Os meninos que lá nascem são criados desde cedo visando o trabalho no mar e, quando vão para a escola, permanecem lá somente pelo tempo que leva para se aprender a ler e a escrever e mesmo assim porque isso é necessário para a realização de seu emprego. Dona Dulce, a professora do porto, em determinado momento do livro se queixa que muitos ali possuem capacidade de fazer uma faculdade e crescer na vida, mas a urgência da fome os força a abandonar os estudos assim que aprendem a ler e a escrever e logo se voltam para o trabalho. Isso a angustia muito e, no entanto, ela ainda espera um milagre – uma revolução?
Ao longo do romance, é evidente o conflito de classes presente no estilo de vida que levam, pois os marítimos estão constantemente enfrentando dificuldades econômicas, principalmente quando a tabela que regula o preço de seus serviços define um preço baixo para os transportes que realizam. Assim sendo, esses homens levam uma vida muito humilde e de luta, trabalhando apenas para comer miseravelmente.

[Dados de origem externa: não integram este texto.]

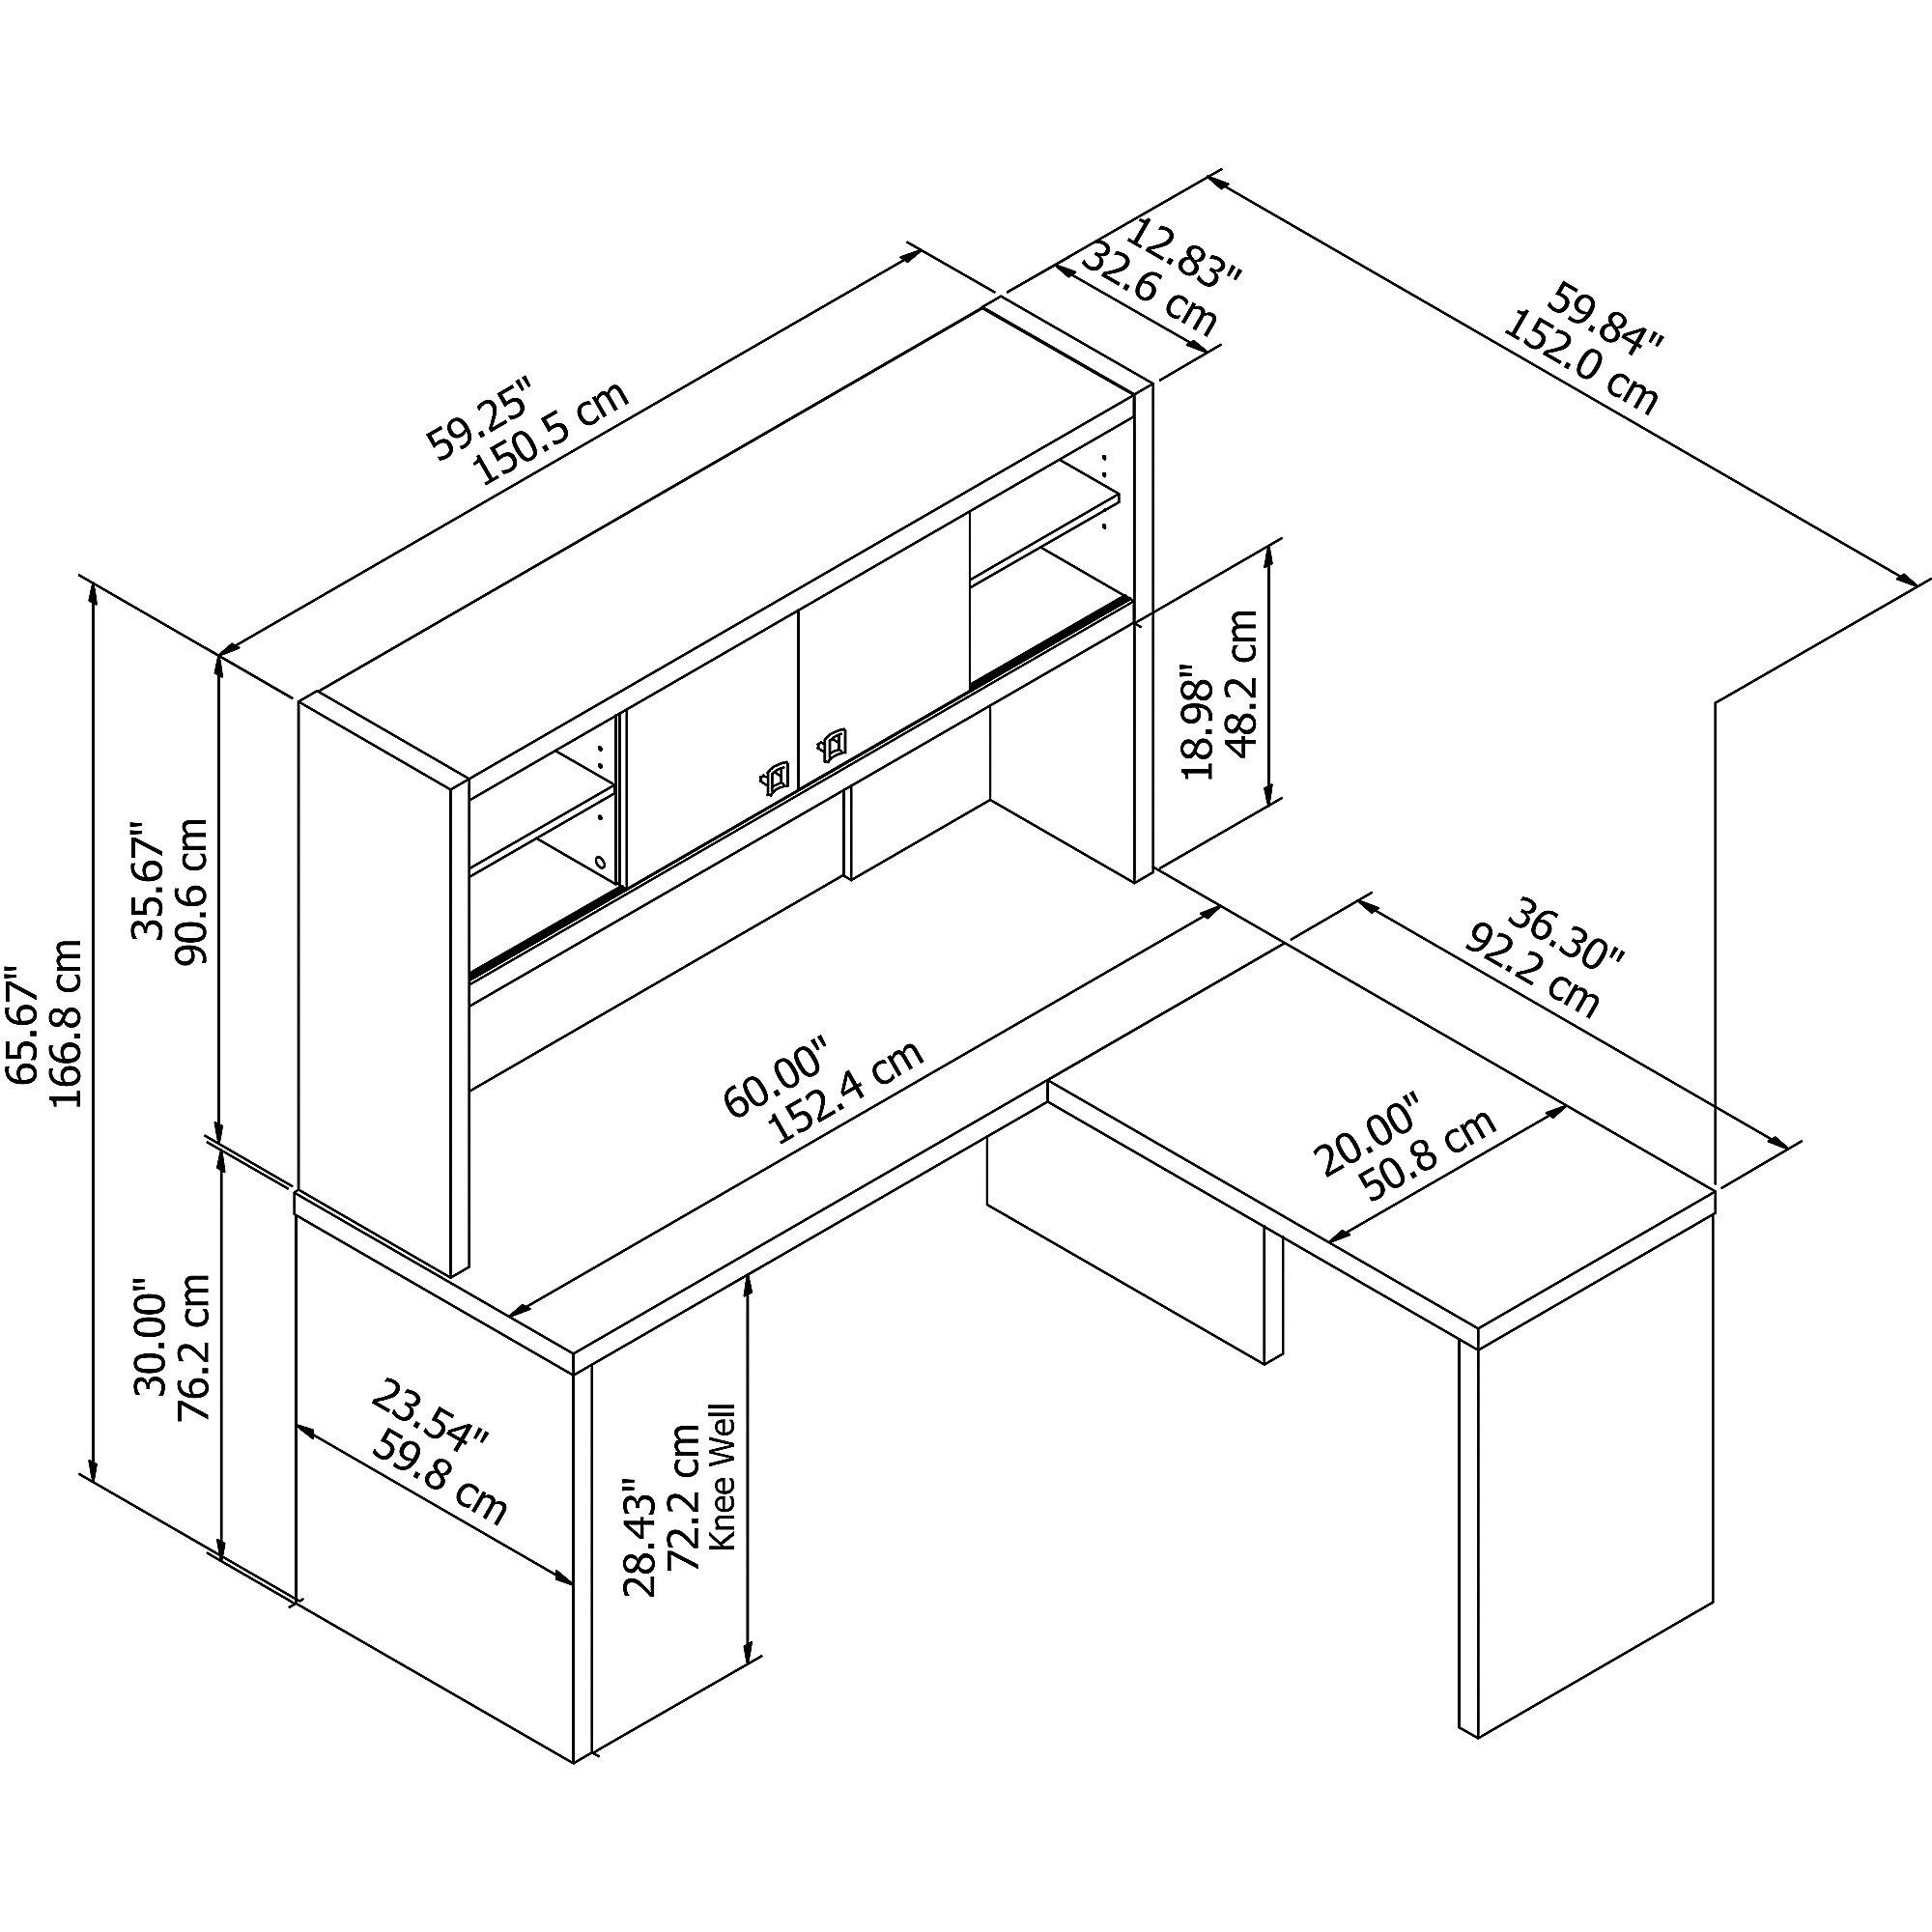 echo ech031 dimensions

Quando Lívia se casa com Guma, cantam em sua festa uma música que a deixa angustiada: é doce morrer no mar. Lívia não é filha de marítimo e, por isso, não está acostumada com a ideia de que seu marido morrerá no mar, deixando-a sem sustento e obrigando-a a prostituir-se. Para Lívia, cada noite em que Guma está realizando o transporte de uma carga a angústia da espera é muito grande, levando-a a sonhar que algum dia seu marido irá abandonar essa vida e irá trabalhar na quitanda dos tios de Lívia, na cidade alta.
Os personagens descritos por Jorge Amado nesse livro são muito idealizados, porque são heróis, salvam as pessoas do afogamento no mar e os navios que se encalhassem levariam para a morte centenas de vidas. Mas ao mesmo tempo são mártires, sofrem com a pobreza e o risco da morte. Essa é uma característica presente em todas as obras do escritor que já li até aqui: personagens que, apesar do sofrimento, não perdem o gosto pela vida que levam.
O livro é de uma leitura rápida, apesar de em muitos momentos ser repetitivo, mas o que torna a obra encantadora é a capacidade sem igual que Jorge Amado possui de fazer o leitor sentir cada palavra, cada angústia, cada sentimento dos personagens. A leitura de Jorge Amado é sempre prazerosa, crítica e reflexiva.